Neutrinos are the second most abundant known particle in the Universe but our understanding about them is still lacking many important neutrino properties. One of the most intriguing mysteries is their tiny mass, which is at least a million times lighter than an electron. A possible explanation for such a small value is the existence of new heavier particles known as heavy neutral leptons (HNLs for short), which are connected to the neutrinos like in a seesaw, making the neutrinos masses appear very light. The mass of the HNLs can take a large range of values, and therefore they must be sought in different experiments sensitive to different mass values.
The liquid argon (LAr) detector is a technology that has gained relevance because it has been selected for the future DUNE experiment that will investigate other mysteries such as if neutrinos and antineutrinos behave differently as they propagate, which could be connected to the dominance of matter over antimatter in our Universe. In this project we proposed to use SBND, a LAr detector located very close to the origin of the Booster Neutrino Beam at Fermilab, to search for HNLs and advance our expertise with this technology.

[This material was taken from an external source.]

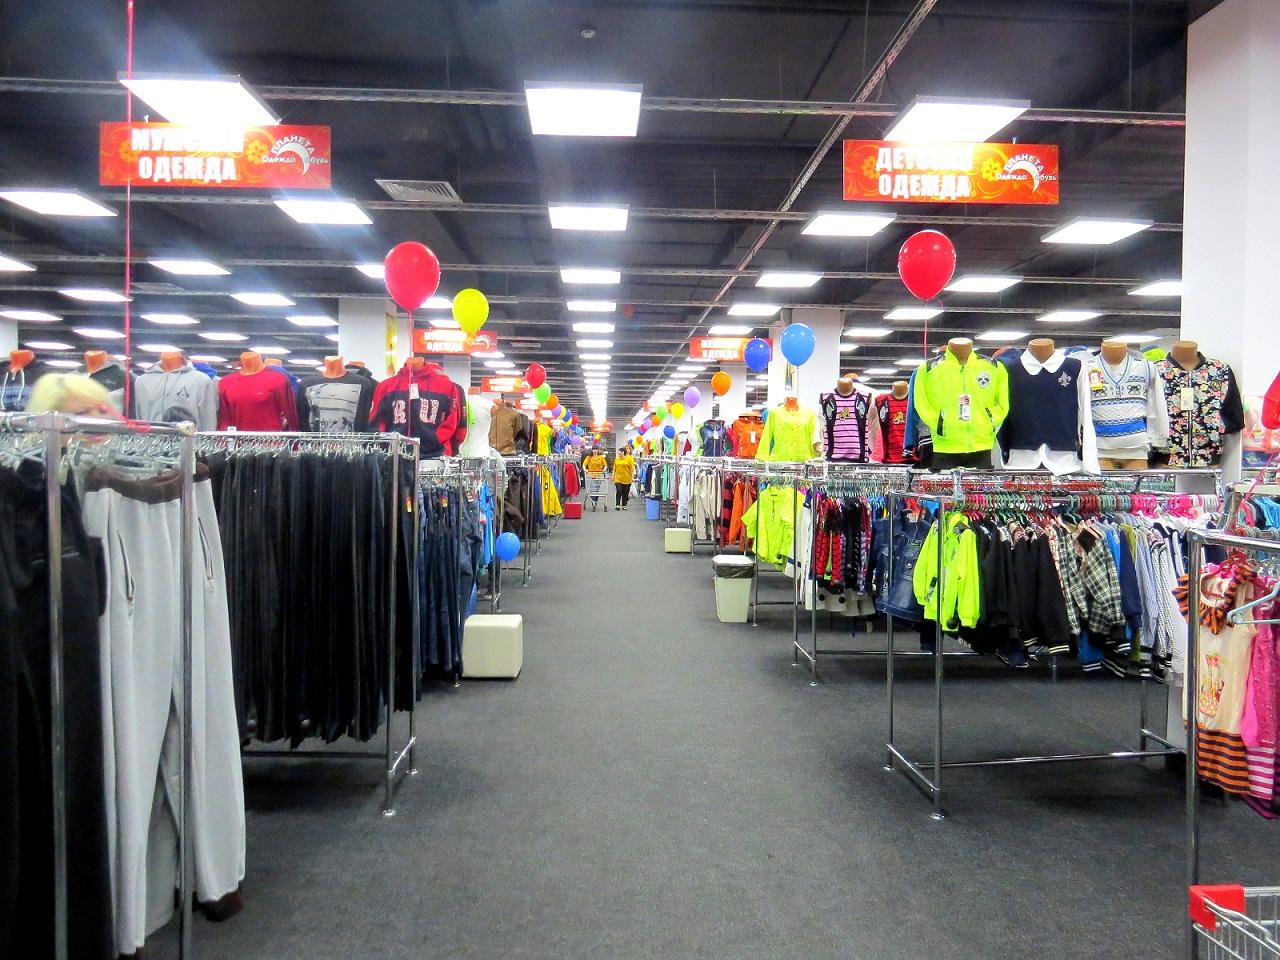 e80e293afd5 Приходите и вы в магазин «Планета Одежда Обувь»! Там вы точно найдете для  себя то
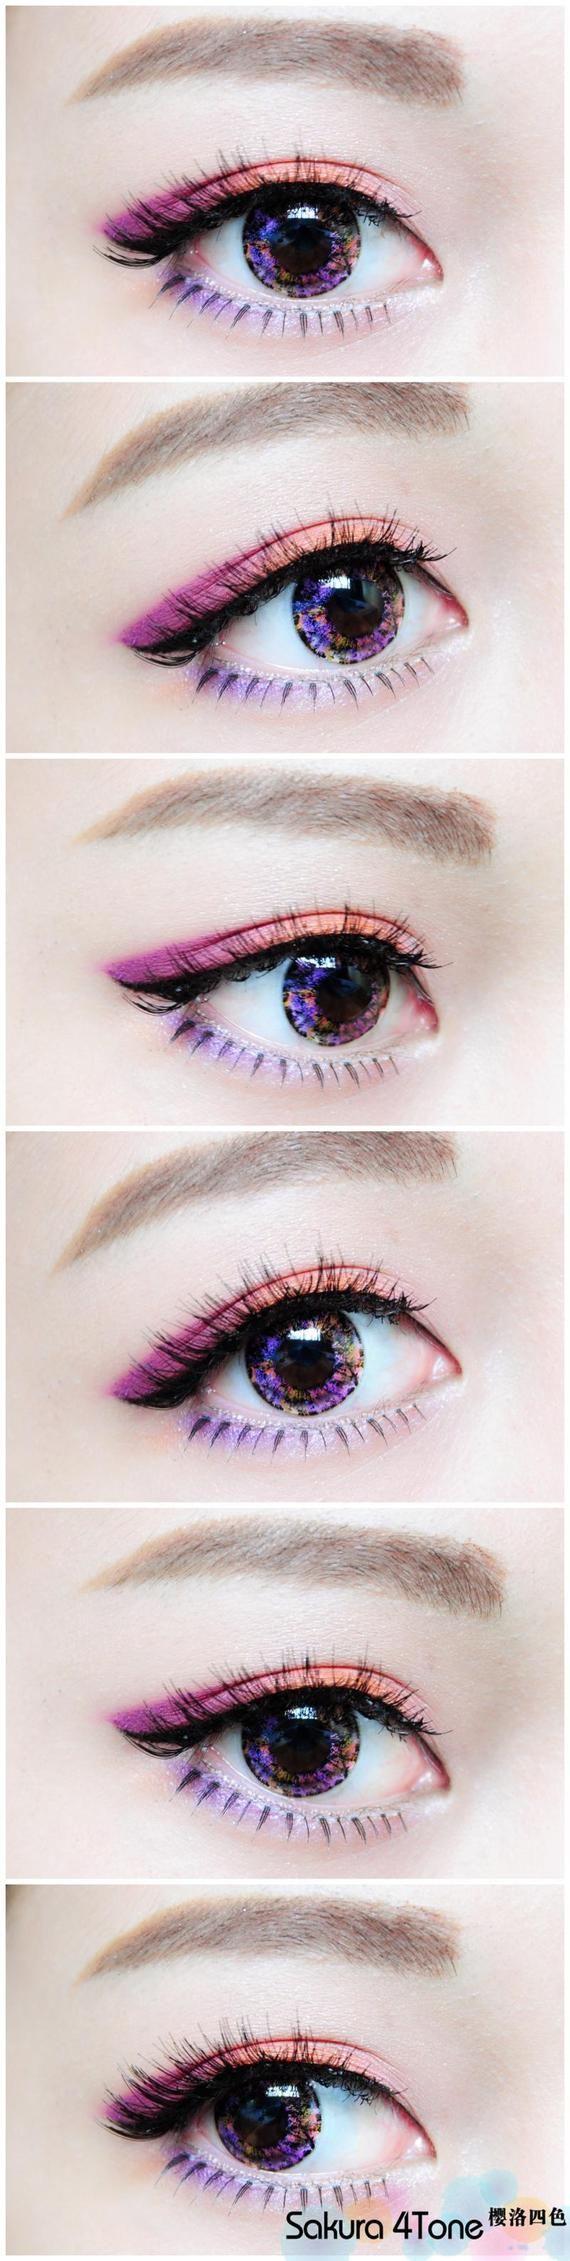 Colour Contact Lens

The overall objectives were 1) contribute to the data acquisition of the scintillating light produced in LAr when the particles excite it, 2) develop the simulation and analysis of this light which is used to reject fake signals that mimic the HNL signature, 3) develop the search for HNLs in SBND. Through this research program, the fellow was trained in LAr scintillation light in which the CIEMAT Neutrino Group is a reference, and the fellow was reintegrated in the European Union, becoming an independent researcher and bringing his previous expertise in LAr detectors and Beyond Standard Model physics to the host.